I dont know much about them but from all the Fishers i have worked on it appears the MM1 uses the older Speedcast blade. The blades changed when they came out with the MM2. I am sure someone will correct me if i am wrong. You can rebuild these pieces if are knowledgeable with a welder and torch or grinder/cut off wheel. The wear you have is common with an older Fisher, i have seen many blow the springs right out of them. The ones i have repaired i replaced the flat stock inside the spring, replaced the tabs, and install a piece of 3/8ths steel inside the pinch point when the trip edge closes. This keeps the trip edge a little straighter and picks the blade up off the ground. Also i like to change the rear pin location in the back so the back of the blade is as high as it will go. This will get you some more life out of the blade, if you want more life put a new cutting edge on it.


----------



## plowking15 (Jan 16, 2010)

Fisher sells the lower spring mount already precut,you cut off old one and weld new one in it's place. The new style has the spring hole up higher and the mount is tapered up to get more clearance from the ground. plowking


----------



## quigleysiding (Oct 3, 2009)

Did you check your local junkyard.,The junkyards by me have piles of old fishers.

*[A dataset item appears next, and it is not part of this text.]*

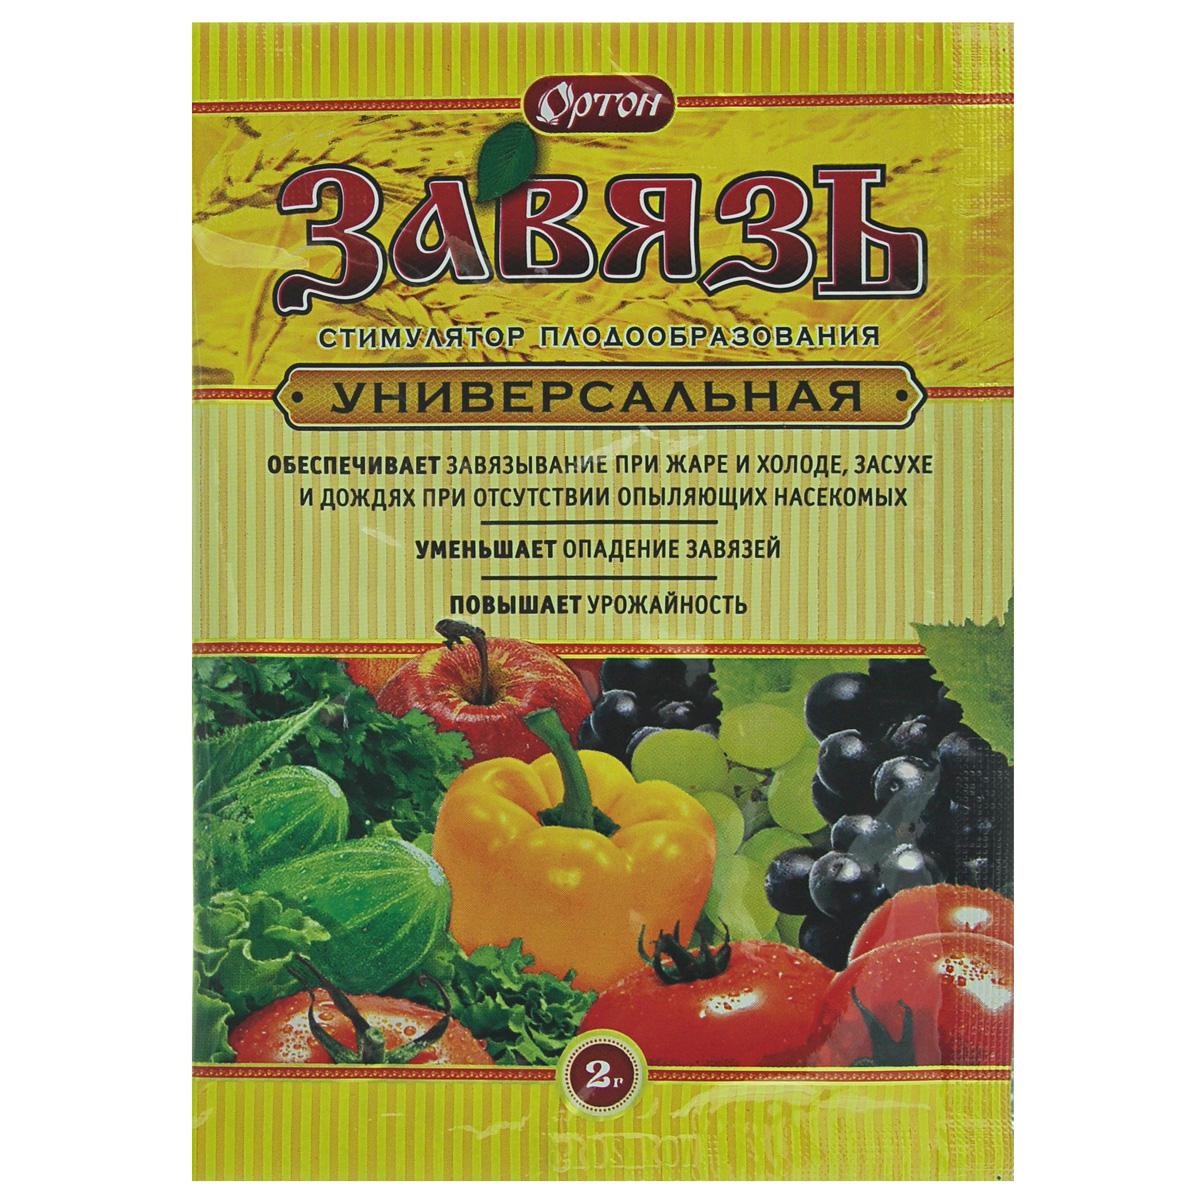 Стимулятор плодообразования Ортон Завязь универсальная, 2 гGCSP-8-60Стимулятор роста растений Ортон Завязь универсальная предназначен для применения на овощных и плодово-ягодных культурах. Улучшает завязывание плодов, предотвращает опадение завязей, ускоряет рост и созревание плодов, улучшает их качество, повышает урожайность на 15-30%. Эффективен при неблагоприятных для завязывания условиях. Класс опасности 3 (умеренно опасные вещества). Способ приготовления раствора указан на упаковке. Товар сертифицирован.

When I need something I just go pick from the pile.


----------



## sweetk30 (Sep 3, 2006)

parts break down of models http://www.storksauto.com/docs/wp-content/uploads/2010/10/Fisher-conventional-referance-guide.pdf


----------



## justme- (Dec 28, 2004)

FWIW- putting the plow in the bottom hole of the a frame is not the right way to do it- the holes there are designed to adjust the blade- the a frame needs to be parallel with the ground to work as designed. Angled up toward the blade will break the a frame at the pivot pin and can crack the a frame itself along it's length while angled down (tho it changes the angle a little) will also cause the pivot to crack and can bend the main pivot mounts on the moldboard, if the rear mounting ears let go the back of the a frame is aimed right for your oil pan too. Main pivot pins will bend in both cases.

Seems to be a common problem on some earlier plows- mine has the same issues and I've been running with the plow in the bottom hole for years...and a bent main pivot.... and a cracked a frame at the main pivot....going to weld in a spacer to open the trip edge a little this off season. I was thinking 1/2 inch stock but I'll try your suggested 3/8 first.


----------